CUDA 4.0

Generic forum to discuss Octane Render, post ideas and suggest improvements.
Forum rules
Please add your OS and Hardware Configuration in your signature, it makes it easier for us to help you analyze problems. Example: Win 7 64 | Geforce GTX680 | i7 3770 | 16GB
Post Reply
reberts2
Licensed Customer
Posts: 105
Joined: Tue Feb 23, 2010 2:48 pm

How will CUDA 4 affect Octane's software architecture?
Sincerely
Rick
Win 7 64 | GTX260 x 2 | Core i7 860 | 4GB & OSX 10.6 | 8600M GT | Core 2 Duo | 4GB
User avatar
Skeletor
Licensed Customer
Posts: 83
Joined: Fri Aug 06, 2010 7:43 pm
Contact:

There's a small article about it here. I was wondering as well whether this will give the Octane developers a headache like 3.2 did.
http://www.anandtech.com/show/4198/nvid ... es-cuda-40
Win 7 64bit, GF 460 2GB, Intel quad, 4GB memory
User avatar
abstrax
OctaneRender Team
Posts: 5506
Joined: Tue May 18, 2010 11:01 am
Location: Auckland, New Zealand

I don't know yet, but we will see, when it's out. I'm not so much interested in the UMA (too slow for our purposes), but I'm really looking forward to a hopefully new/improved compiler tool chain, which was giving us quite some headaches in the past.

But let's wait and see :)

Cheers,
Marcus
In theory there is no difference between theory and practice.

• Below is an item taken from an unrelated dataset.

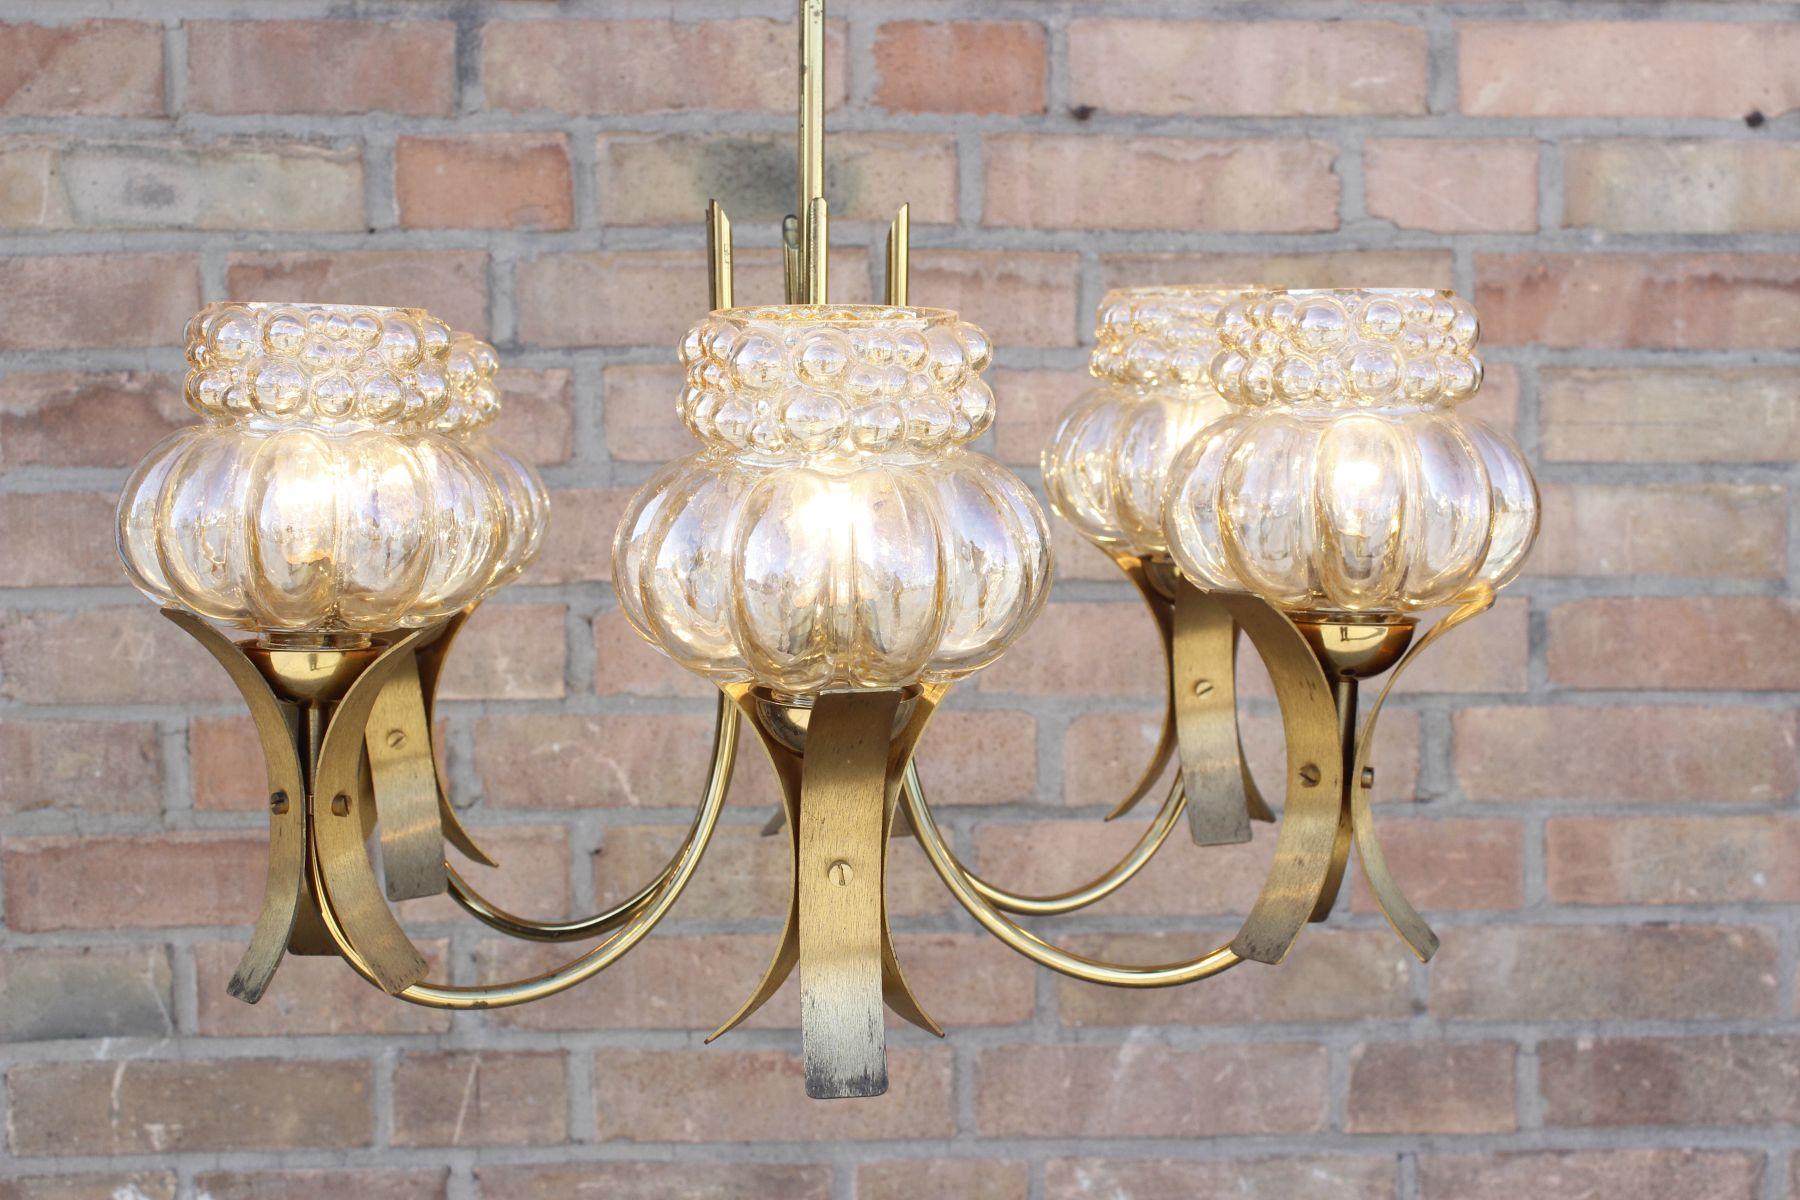 6 Arms chandelier in brass and molded glass, the glass shades are very reminescent of the Bubble series designed by Helena Tynell for Limburg, with a golden tint to them. 

The chandelier is in great condition and great working order, there is no

In practice there is. - Yogi Berra
User avatar
Jaberwocky
Licensed Customer
Posts: 976
Joined: Tue Sep 07, 2010 3:03 pm

looking at it in more detail.It looks like you will be able to pool the cards memory.EG fit the scene across multiple cards.

Now the memory across multi cards in a system will become addative if i am reading it right.

EG 2 x 2mb cards would give you 4Mb to play with.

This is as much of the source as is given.